The swan song of HDDs has begun, but is it realistic at this point to schedule the wake?

In this two-part installment of our “Beyond the Hype” blog series, we’ll discuss why using commodity off-the-shelf (COTS) SSDs, proposed by some newer NVMe-based, software-defined storage (SDS) startups, is a suboptimal alternative to all-flash arrays (AFAs) that use purpose-built flash storage devices to replace HDDs. In Part 2, we’ll get to more of a direct comparison between COTS SSDs and Pure Storage® DirectFlash® Modules. 

SSD limitations

Sustainability Concerns Will Hasten the Demise of HDDs

When compared to legacy HDD storage systems, flash-based storage offers overwhelming benefits for all workloads: superior performance, higher reliability, increased storage density, lower power consumption, and lower operational overhead. From 2012 to 2019, AFAs have risen in popularity and now drive approximately 80% or more of all storage shipments for performant application environments. 

HDDs have essentially been left in the magnetic dust. 

Why? As more enterprises prioritize sustainability as a key criteria for new AFA purchases, metrics like energy efficiency (TB/watt) and storage density (TB/U) become critical in evaluating the cost of new systems. SSD’s higher density (relative to HDDs) and significantly higher performance are key contributing factors resulting in better efficiency and ultimately lower cost because far fewer media devices (as well as far less supporting infrastructure for those devices like controllers, enclosures, fans, power supplies, cables, switches, etc.) are needed to build a system to meet any given performance and capacity requirements. 

At Pure//Accelerate® 2023, we put a stake in the ground that 2028 would be the last year when new storage systems built around HDDs would be sold for enterprise use. What was lost amidst the hullabaloo generated by that statement was this: Pure Storage’s aggressive prediction was based on enterprises using our flash devices, not commodity off-the-shelf (COTS) SSDs. We’re bullish on flash, but even we don’t think COTS SSDs are going to drive out HDDs this decade.  

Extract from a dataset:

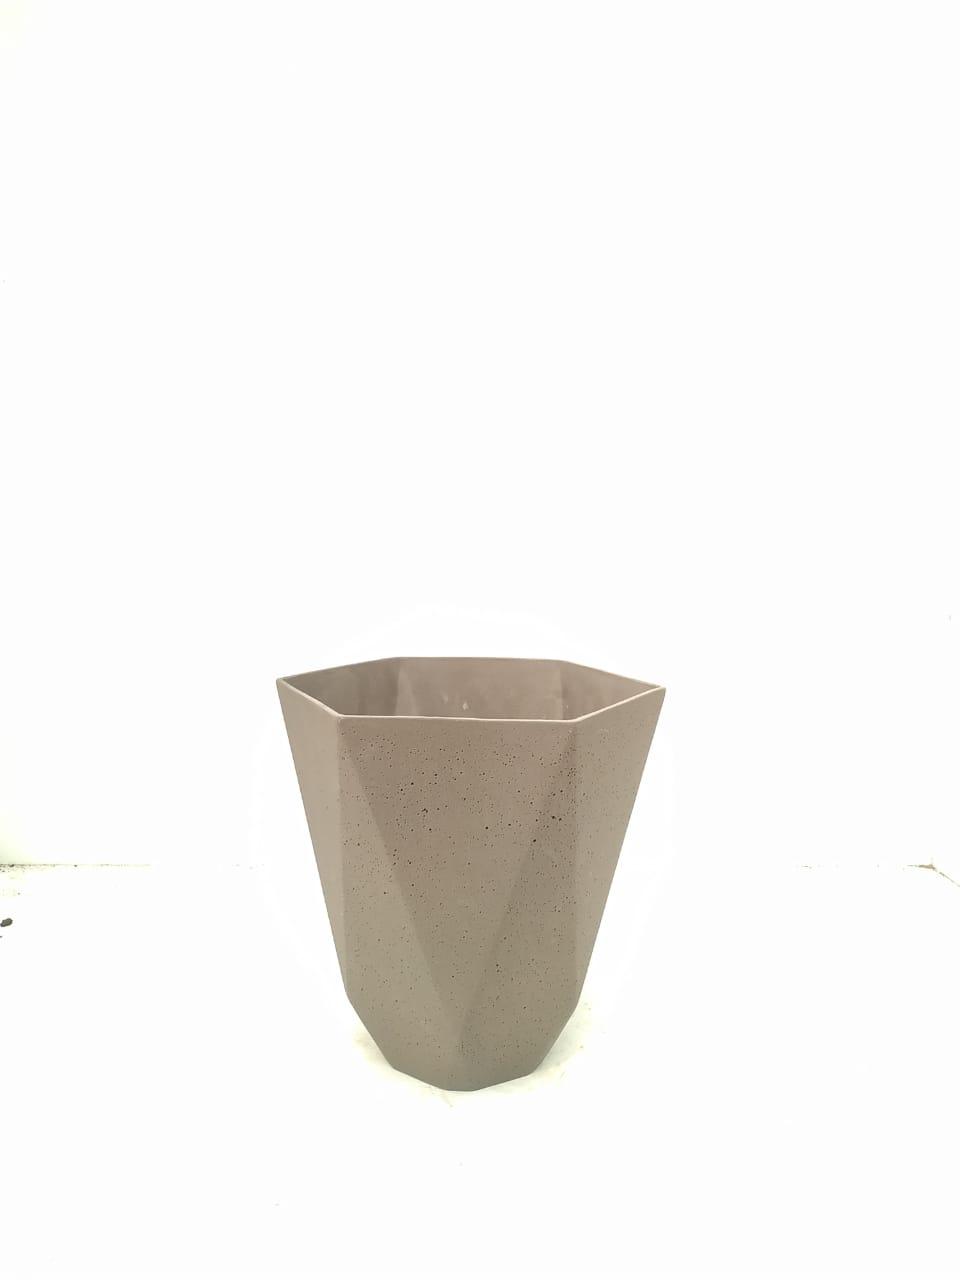 Sandstone Pot Hex Nat Brown Small Pots & Vases

There’s something very different and innovative about how we, at Pure Storage, deploy flash in our enterprise storage systems. We know this because Pure Storage DirectFlash Modules (DFMs) are proven to be two to five times better on every meaningful metric than those based on COTS SSDs. And, they’re 10 times better than HDDs on every metric except one: the raw acquisition cost. 

Limitations of Vendors Who Leverage COTS SSDs 

Four things work against vendors using COTS SSDs, even when those are NVMe-based. Let’s take a look at each of them:

  1. SSD design is driven by the volume of the retail consumer markets rather than enterprise requirements.
  2. Use of COTS SSDs perpetuates the technical debt of HDDs.
  3. It creates dependence on disk vendor roadmaps to improve system efficiencies.
  4. It results in suboptimal flash media utilization.

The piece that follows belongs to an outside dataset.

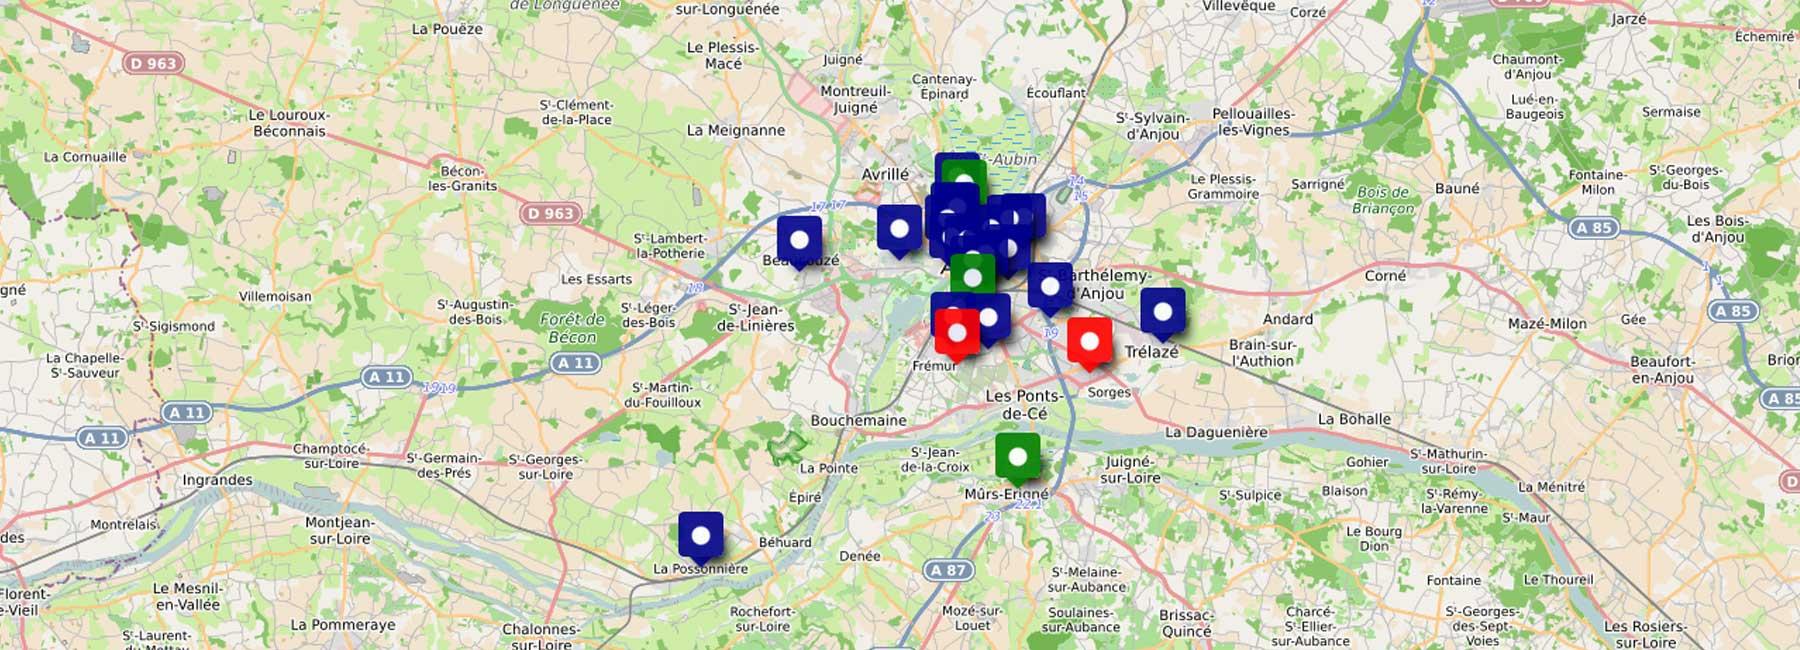 Portail Du Département - Maine-Et-Loire (49) concernant Département 13 Carte

SSD Design Is Driven by the Volume of the Retail Consumer Markets Rather than Enterprise Requirements

In the world of storage media, manufacturing cost efficiencies are directly correlated to  production volumes. Consumer (PCs and mobile), not enterprise, SSDs comprise the volume market. In fact, enterprise SSDs comprise roughly only 15% of the overall SSD market. Following the volume, key innovations for COTS SSD technology are driven by the consumer market, which values low cost and lower capacities, not enterprise requirements. Conversely, enterprises value performance, endurance, reliability, and data integrity—all characteristics that require deep engineering beyond the core consumer SSDs. This dichotomy continues to hamstring the innovation cycle for COTS SSDs and their application to enterprise markets.  

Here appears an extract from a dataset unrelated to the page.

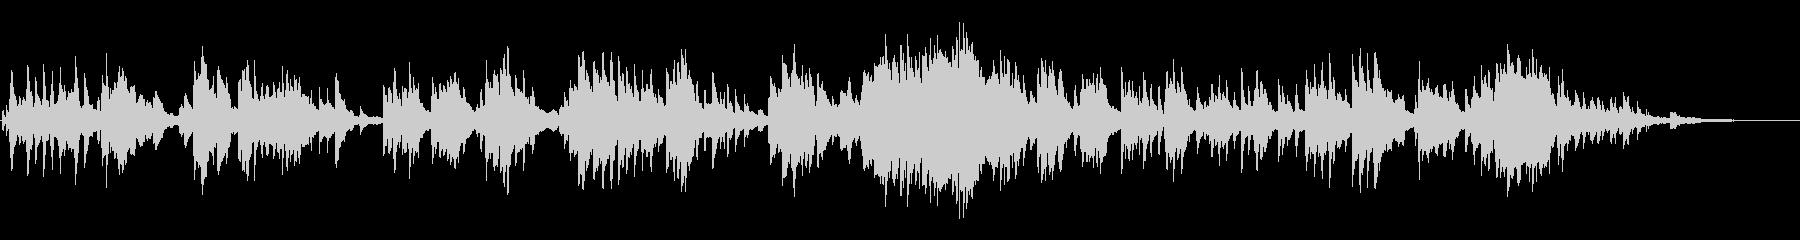 グランドピアノによる穏やかなピアノソロの未再生の波形

Use of COTS SSDs Perpetuates the Technical Debt of HDDs

SSDs were designed so that they could be easily inserted into storage systems that had been designed for HDDs. Specifically, COTS SSDs are largely designed to fit into 2.5” Small Form Factor (SFF) drive enclosures. Most enterprise AFAs were developed specifically to use these COTS SSDs. Enterprise AFAs using devices that have to fit into 2.5” SFF footprints are constrained in their ability to increase density, deliver lower watts/TB, and use flash media optimally. 

Just what are those limitations? COTS SSDs include an internal controller, DRAM for caching to help improve performance, and the flash media itself. Architecturally, a COTS SSD needs 1GB of DRAM for every 1TB of flash capacity, primarily to drive the flash translation layer (FTL). Creating a larger capacity SSD means you have to find the space within the device for the controller, the DRAM, and the flash media, as well as cool the device. It’s becoming increasingly difficult to be able to do that and stay within the confines of 2.5” packaging while driving density increases.

First, let’s look at the controller and its resulting firmware requirements. The SSDs themselves have embedded controllers that handle logical block addressing, free space management, and background maintenance tasks, as well as the FTL. They also include embedded NAND flash controllers which handle the direct memory access to the NAND. These controllers all have firmware, and each enterprise storage system can easily have hundreds of SSDs so there is a lot of firmware. Firmware is one of the top two causes of failure in AFAs (with device failures themselves being the most common). This maze of firmware complexity poses reliability risks.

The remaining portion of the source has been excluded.